The Villa Madonna has served many purposes for Mount St. Mary. In the beginning, it served as the entire college–classes, residence hall, library and offices. Today, it houses the admissions and president’s offices, with a first-floor parlor that’s used for lectures, seminars and other small gatherings. When Pilon accepted the job at Mount St. Mary in 2005, the Villa Madonna roof was one of the first things she noticed. As a university focal point, the building is immediately visible when visitors drive into campus.
The old, red asbestos shingle roof had faded to pink with gray streaks, and was doing a disservice to the architecture and the beauty of the building. Pilon decided something had to be done. She pushed to get a new roof for the Villa Madonna on the summer projects list for the college.
Work began in mid-May 2007, with completion scheduled by August 15. When the contractor responsible for the project–Neth & Son, Inc., a 35-year roofing company in Depew, N.Y.–took off the old shingles, they found old cedar shakes underneath.
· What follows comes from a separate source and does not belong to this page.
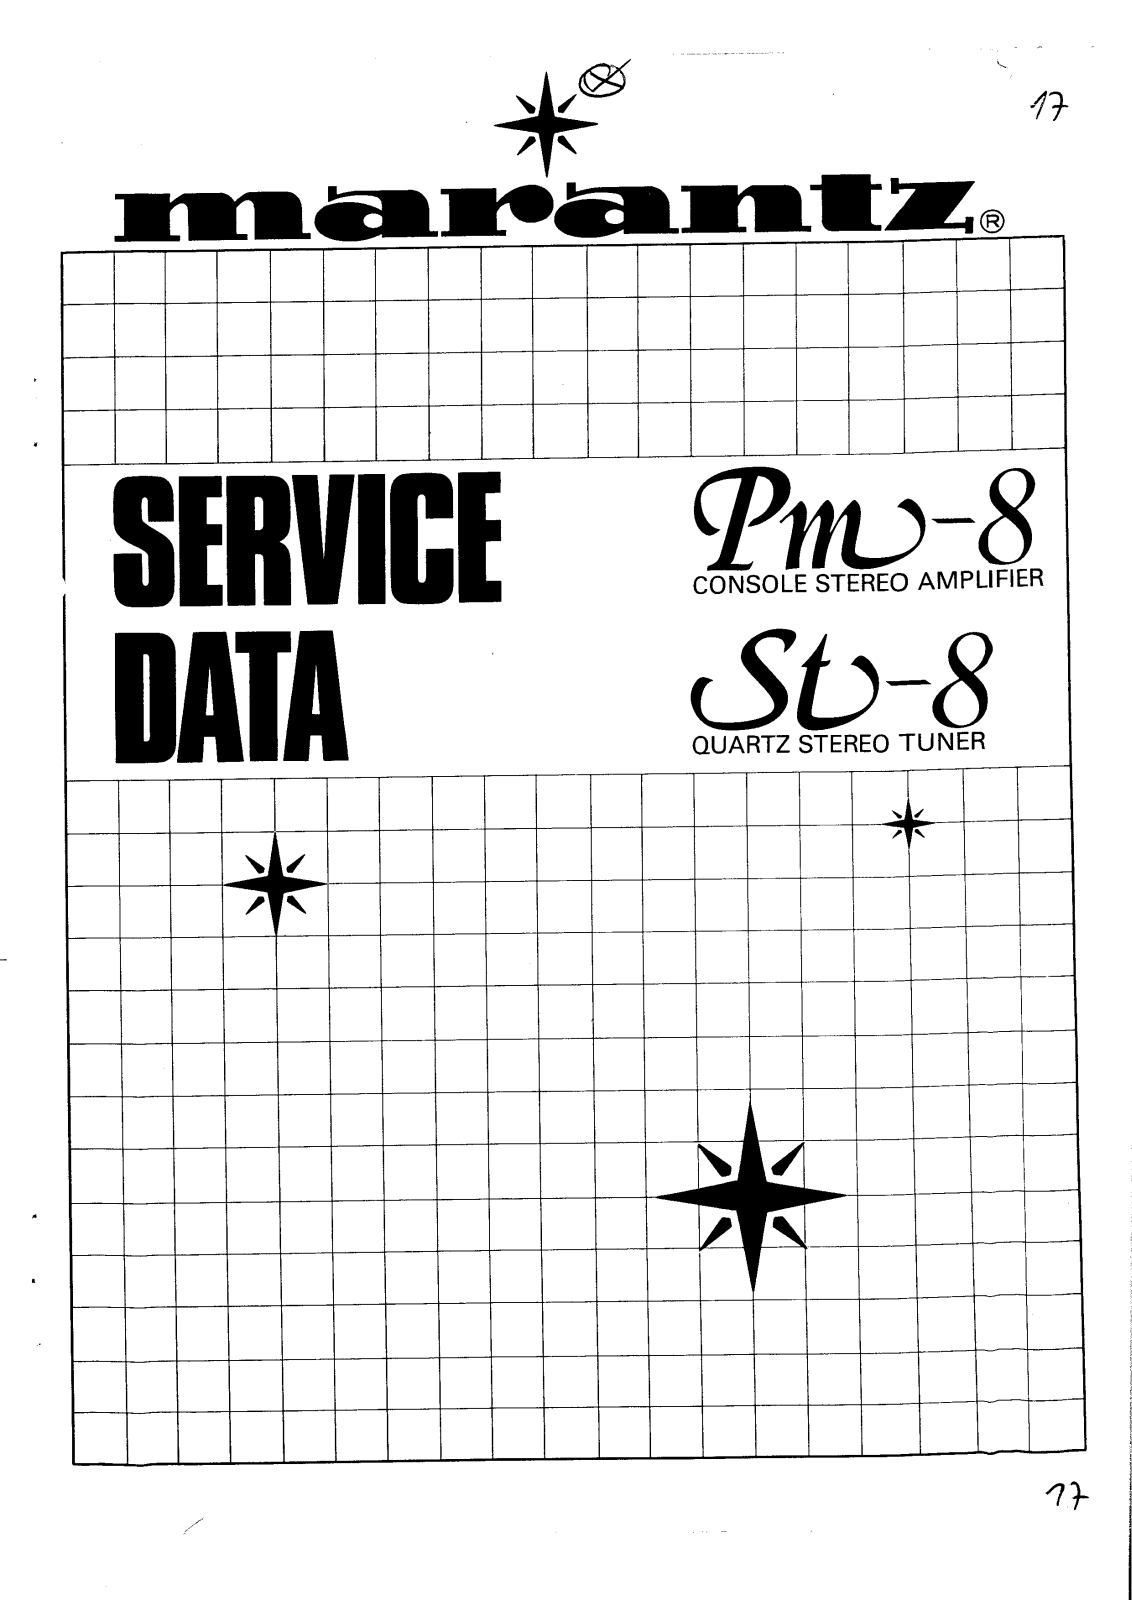 Marantz ST-8, PM-8 Service Manual

“The old wood shakes were probably the original roofing–the asbestos shingle had been installed directly on top of it,” Pilon said. “To enhance the beauty and Victorian
style of the building, I wanted to use natural slate, but I didn’t want to deal with the maintenance. The obvious solution was a synthetic slate roof–and the product we chose was DaVinci.”
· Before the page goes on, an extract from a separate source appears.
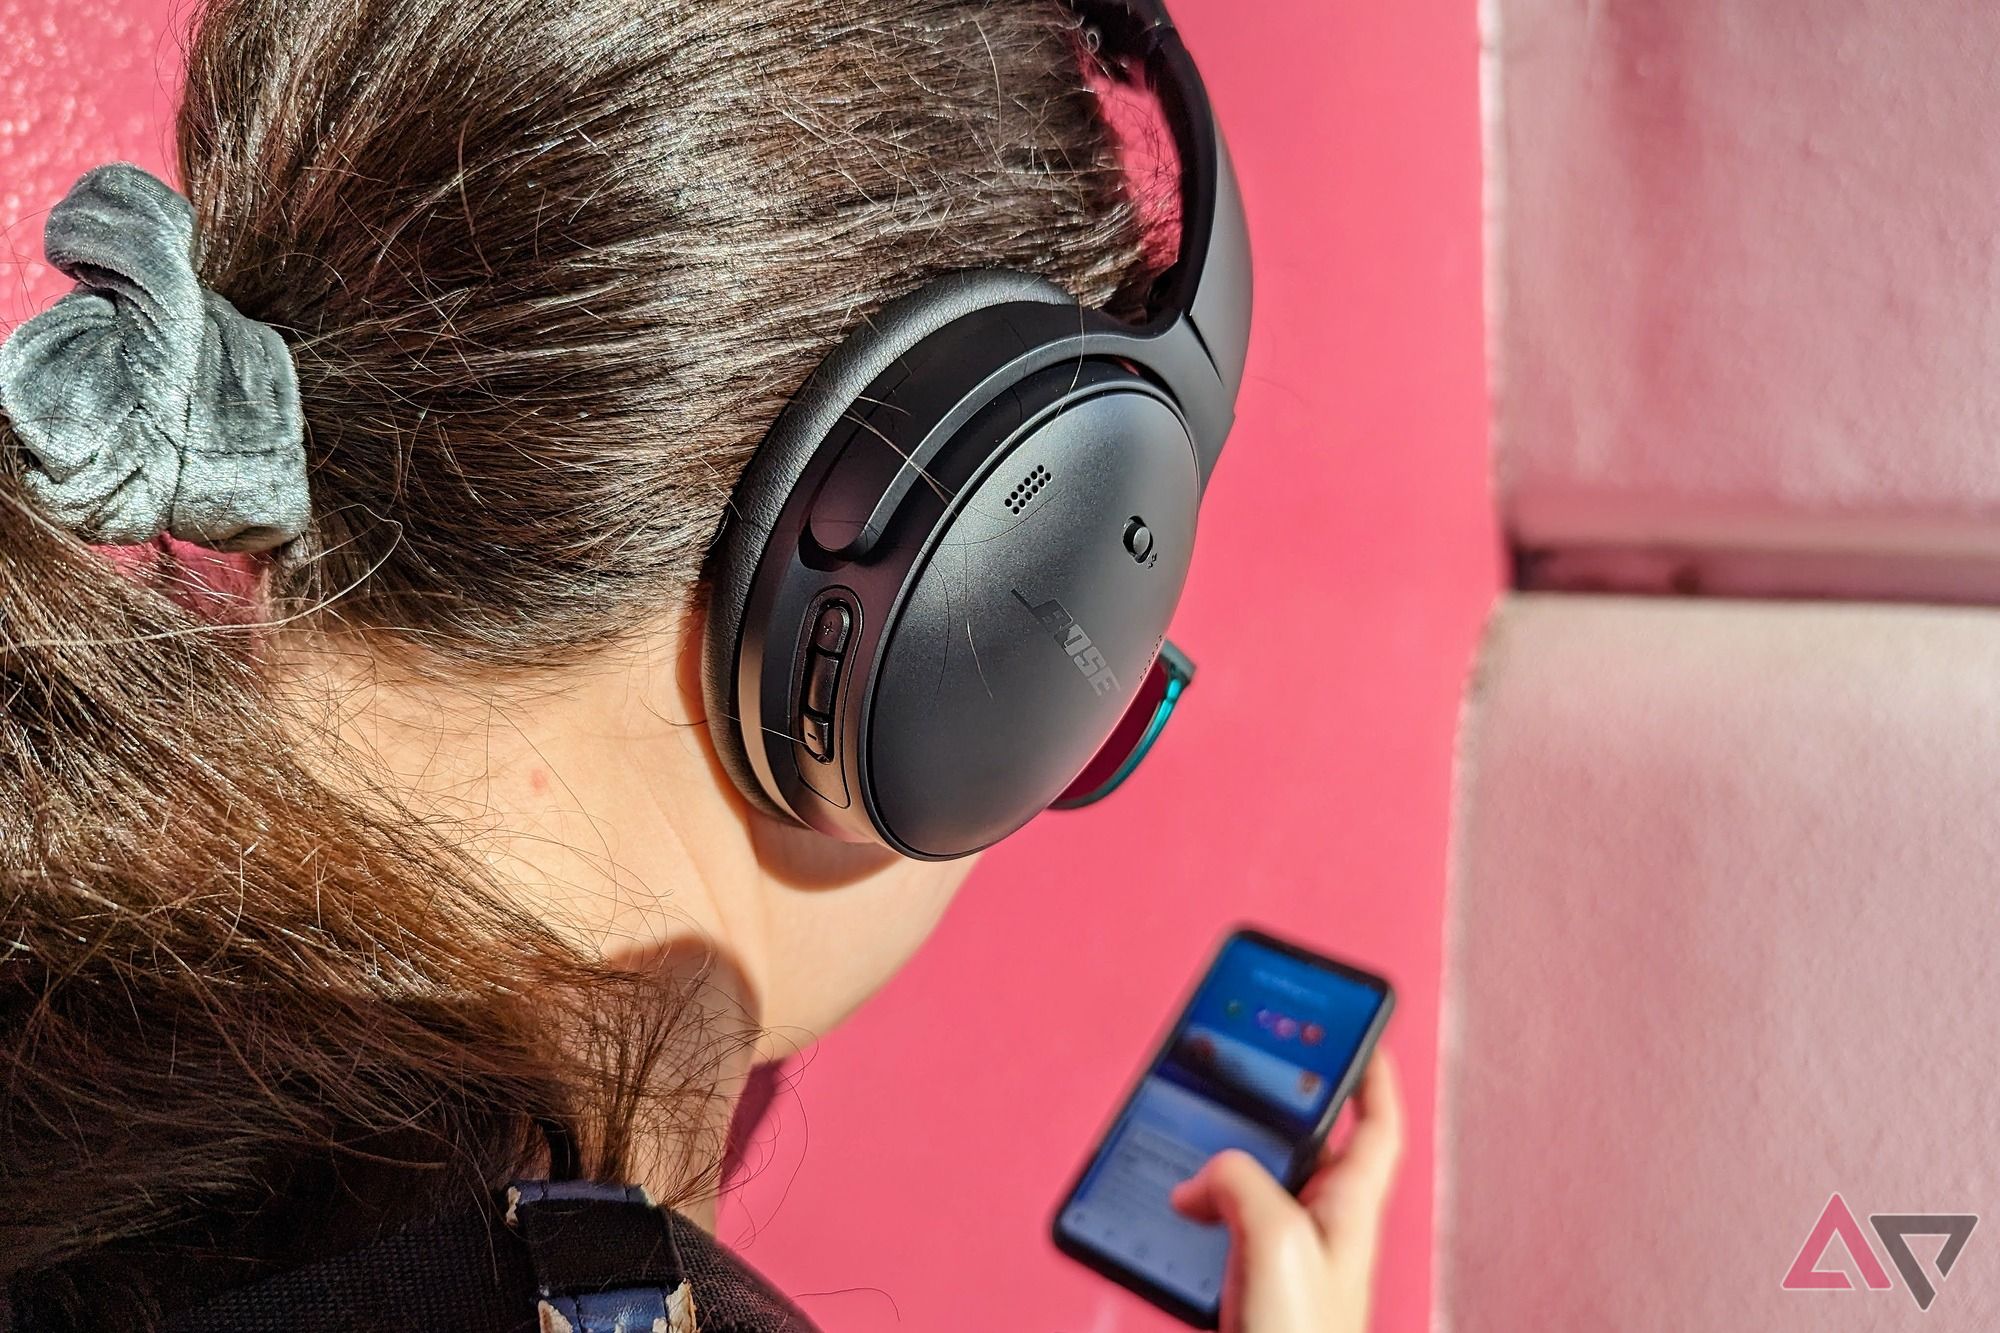 The Bose QuietComfort Headphones block out crowd noise at Walt Disney World

Pilon considered a range of synthetic slate products before selecting DaVinci Slate. She was impressed by the DaVinci ribbing structure that allowed the tile to expand and contract with temperature cycles, preventing curling and cracking. This feature also ensures air circulation underneath the shingle, keeping the roof deck cooler.
“DaVinci had such an authentic look, I was sold as soon as I saw the sample, but the ribbing structure, 50-year warranty and competitive price sealed the deal,” Pilon said.
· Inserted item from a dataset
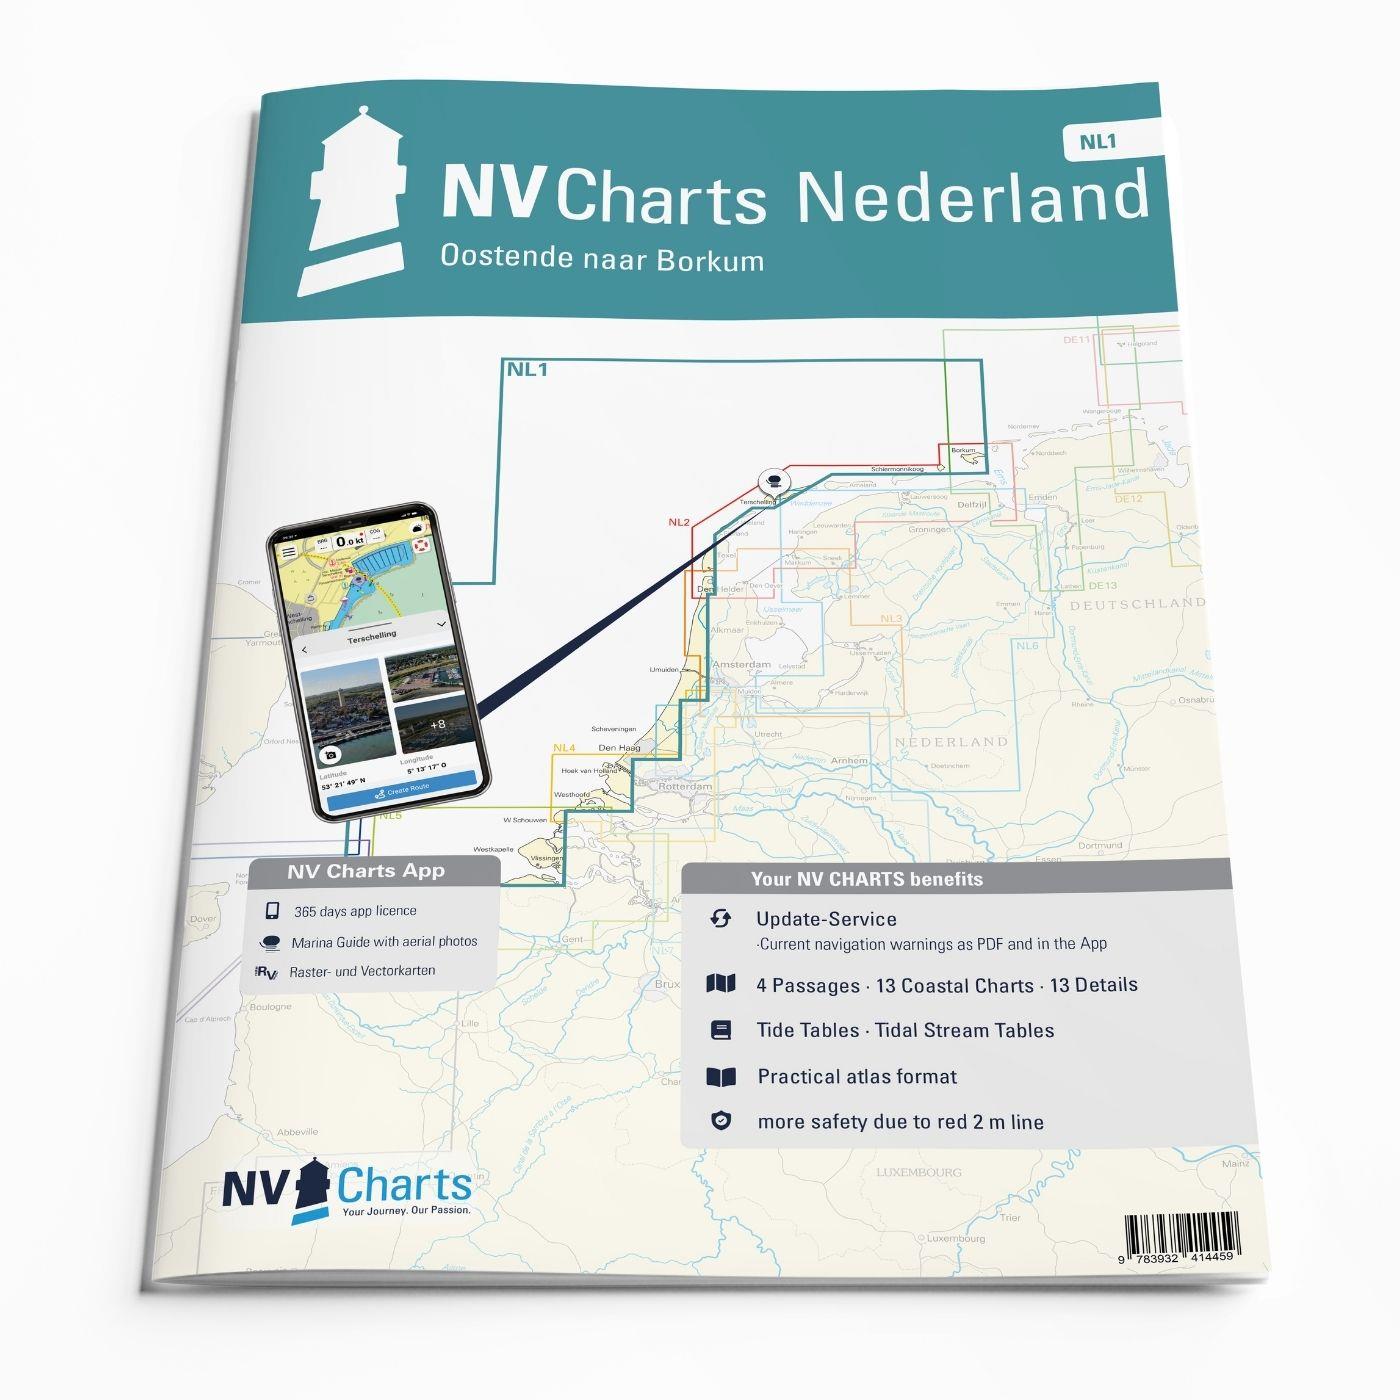 ABO - NV Charts Nederland NL1 - Borkum naar Oostende

Her response to the DaVinci Slate is a common one, according to Ed Tutuska, sheet metal superintendent of Neth & Son, Inc. Tutuska and Neth & Son roofing installer Kevin Barlow have put DaVinci slate on numerous buildings whose owners were seeking an authentic slate look.
“We’re bidding the DaVinci Slate all over. The resemblance to real slate is phenomenal. I’ve been doing this for 45 years, and even I have to actually go up on the roof and touch it to see that it’s not real slate,” Tutuska said. “It’s practically maintenance-free, and as roofers, we like it, because it’s bundled in a way that makes it extremely easy to install.”
Gary Browne, roofing consultant and owner of The Browne Company in Orchard Park, N.Y., also worked with Pilon to ensure that her choice was the right one.
“Obviously with a building like this one, aesthetics means a lot. Another primary consideration is water tightness, so the roof isn’t going to leak after we’ve done all this work,” Browne said. “The old tile roof was looking pretty bad, pretty dated. Maryann ended up choosing the DaVinci Slate in Vineyard Blend, and it really fits the campus and the brick buildings around the Villa Madonna.”
Before beginning work, Pilon made a presentation to the City of Newburg Architectural Review Committee to get their blessing for the new roof. The committee had reviewed different upgrades to some of the upscale housing in the area, including some historic old homes. The committee is responsible for making sure the aesthetics of the products used fit the architecture and the historic flavor of the community, according to Pilon. Fortunately, they too loved the look of the DaVinci product.
The work on the Villa Madonna has enhanced the historic qualities of the building’s architecture and restored it to its original beauty, Pilon said. “In addition to the DaVinci roof, we put in ornamental copper with sputters, downspouts and decorative flashing on the Villa Madonna,” she said. “Those decorative copper details, combined with the copper cross and the roof, makes the building a real showpiece for the university.”